Friday, April 17, 2015
By Angie Ketcham
Soccer games. Choir concerts. School projects. On and on it goes. It seems that sometimes it's never ending when you have a family. And it's true. Usually in our house we're going three separate ways just to get everybody where they need to be. It's exhausting! I'm thankful in my house, we finally have multiple drivers that can get around on their own, but still, is it too much?
I long for the simpler days when we would have dinner together with nothing else on the calendar for that night. I long for the laughter around the table as we played games together without having to run out for this meeting or that. I long for the time spent in the Word as we would gather around as a family and have devotions. It just seems these days there's just not a lot of time for that. Schedules full of well-meaning activity has somehow become what our lives consist of. And I long for a break.

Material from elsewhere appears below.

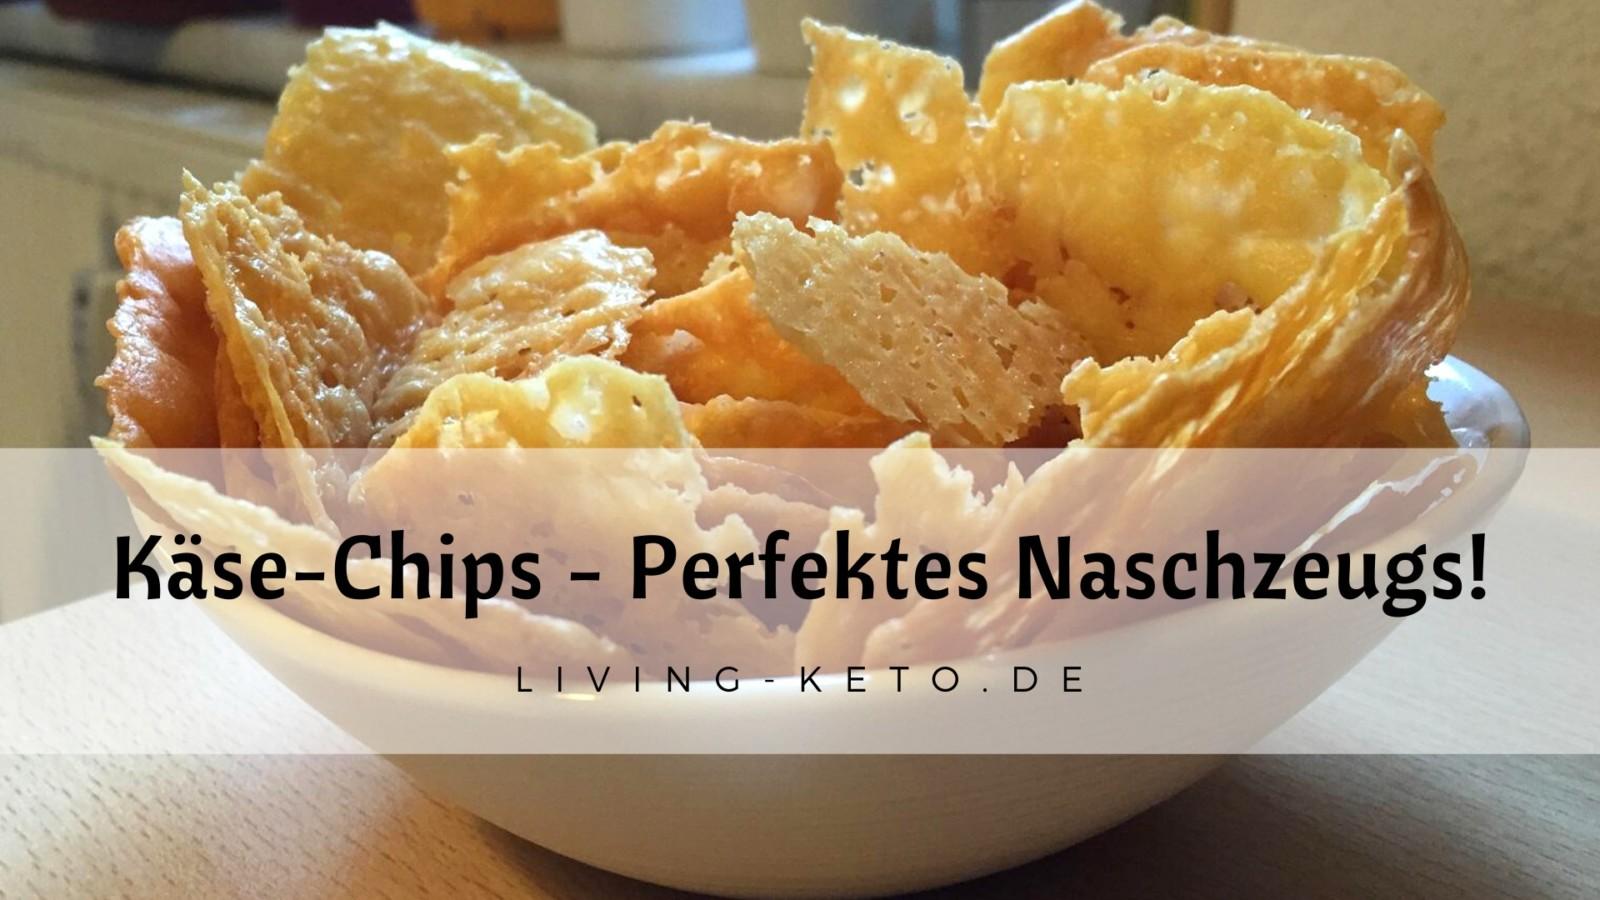 Käse-Chips – Perfektes Naschzeugs!

But I say yes. Yes to the extra sleepover that everyone's going to. Yes to the football tournaments that will just be 3 Sundays this season. Yes to teaching the lady's bible study on Tuesday nights. Yes to the bunco group on Fridays. Yes to volunteering at the home school Mother's tea. And all the while, I'm being sucked of any energy I have to give. Any energy to give my family. Any energy to give my husband. Any energy to give myself. Any energy to give my God. I'm spent.
What will it take to break this crazy cycle? It is my prayer that God doesn't get my attention with something that has to break me. Can't I learn my priorities before I have to be tested in them? Can't I learn the sanctity of the word, "NO"? Can't I get the bigger picture of how God sees all of this busyness?
In His still calm voice, He calls me to rest. He calls me to rest in Him. To soak up His presence. To spend time with Him. To calm the crazy, needless running and spend time on those things that are really important. Those things that can't be redone. Time. Conversation. Hugs. Attention. Peace. A home-cooked meal. A smile.
Lord, calm my heart to hear from you. Help me to only do the things you would have me do. Help me to clear away the clutter and focus on those things that are eternal. And worthy. And worth my time. Help me to savor each moment you have given me and give freely to others in return.